In non-academic terms, this means – avoid the words “have” or “been” and use the word “you”. Writing in this style is one of the most powerful ways to connect with your reader. It puts them in the here and now. It makes it feel like you’re having a conversation with them through the screen. Compare, for example, these two sentences: “We have enjoyed working with wonderful clients like you.” Versus, “You are a wonderful client. Thank you for your business. It makes ours more fun.” See the difference?

5. Know which (few) grammar rules you can break.
On occasion, I’ll start a sentence with “and”. I sometimes end with a preposition, too. That’s because these grammar rules help facilitate the conversational style. But there are some rules that when broken, make you look silly, or stupid, or ignorant. Here’s just a small sampling.

  • Your (you own it) vs. You’re (you are)
  • There (not here) vs. Their (it belongs to them) vs. They’re (they are)
  • Assure (give support) vs. Insure (to buy or sell insurance)
  • Affect (verb) vs. Effect (noun – can you put “the” in front of it?)
  • “A lot” is two words.

There are plenty more, and feel free to vent in the comments below. To keep your writing neat and tidy, try typing your opposing words in a search engine with “vs” between them. You can also check out The Grammar Girl.

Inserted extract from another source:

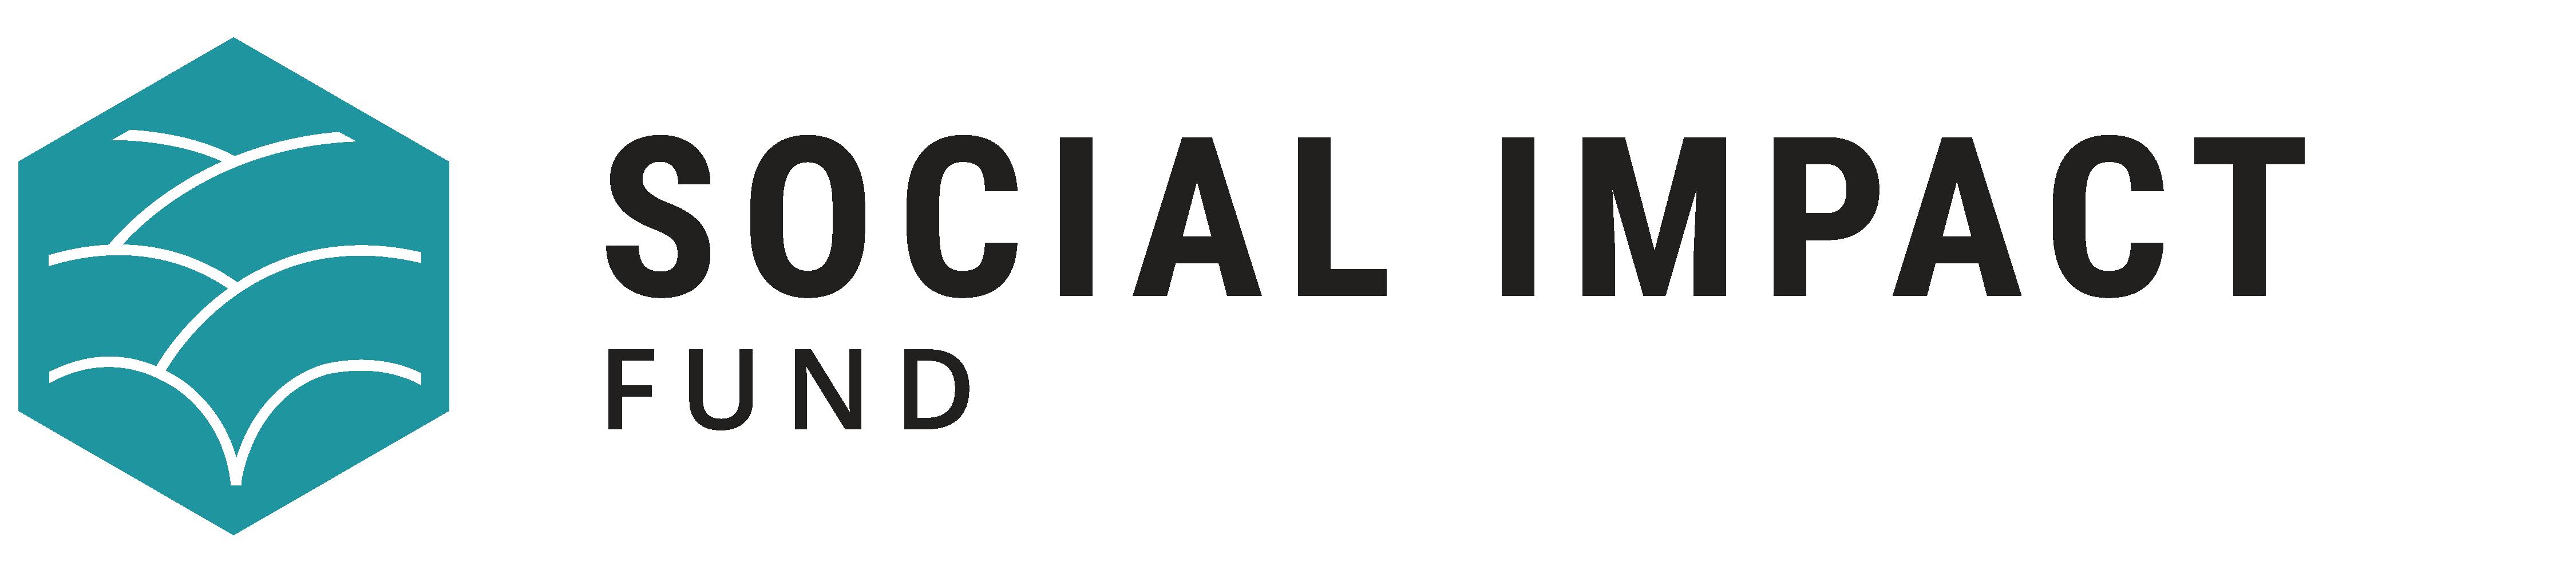 Social Impact Fund | Alumni Ventures Group

6. Accessorize with styles.
Not to sound like your high-school English teacher, but rhetorical styles such as alliteration, metaphor, similes, rhyme, and repetition are marks of great writing. So use them. A word of caution though; too much of any of these styles, and you can easily swing to the other side of the personality pendulum (the one where you sound like an amateur and we don’t want that). It’s best to think of these styles like an accessory — add enough to accentuate your content, but not too much where you overwhelm the message.

7. Read out loud before you publish.
And by “out loud”, I don’t mean “really loud and slow but still in my head”. It means with your voice, at a natural volume. In addition to catching typos, this form of editing is perfect for making sure your content is conversational. Does it sound natural? If there’s a sentence that just doesn’t flow, work with it until it sounds right. Then, give your content to someone who hasn’t read it yet. Ask them to read it out loud. Then, massage any phrases that tripped them up.

With these simple tweaks, you can transform writing that’s bland and impersonal, into content that brings your readers closer to your brand. These are great tips for all sorts of business communications in both print and web. Have a question about how to implement these styles? Have a story about how you turned your copy around? Want to vent about your grammar pet peeves? Put it in the comment below.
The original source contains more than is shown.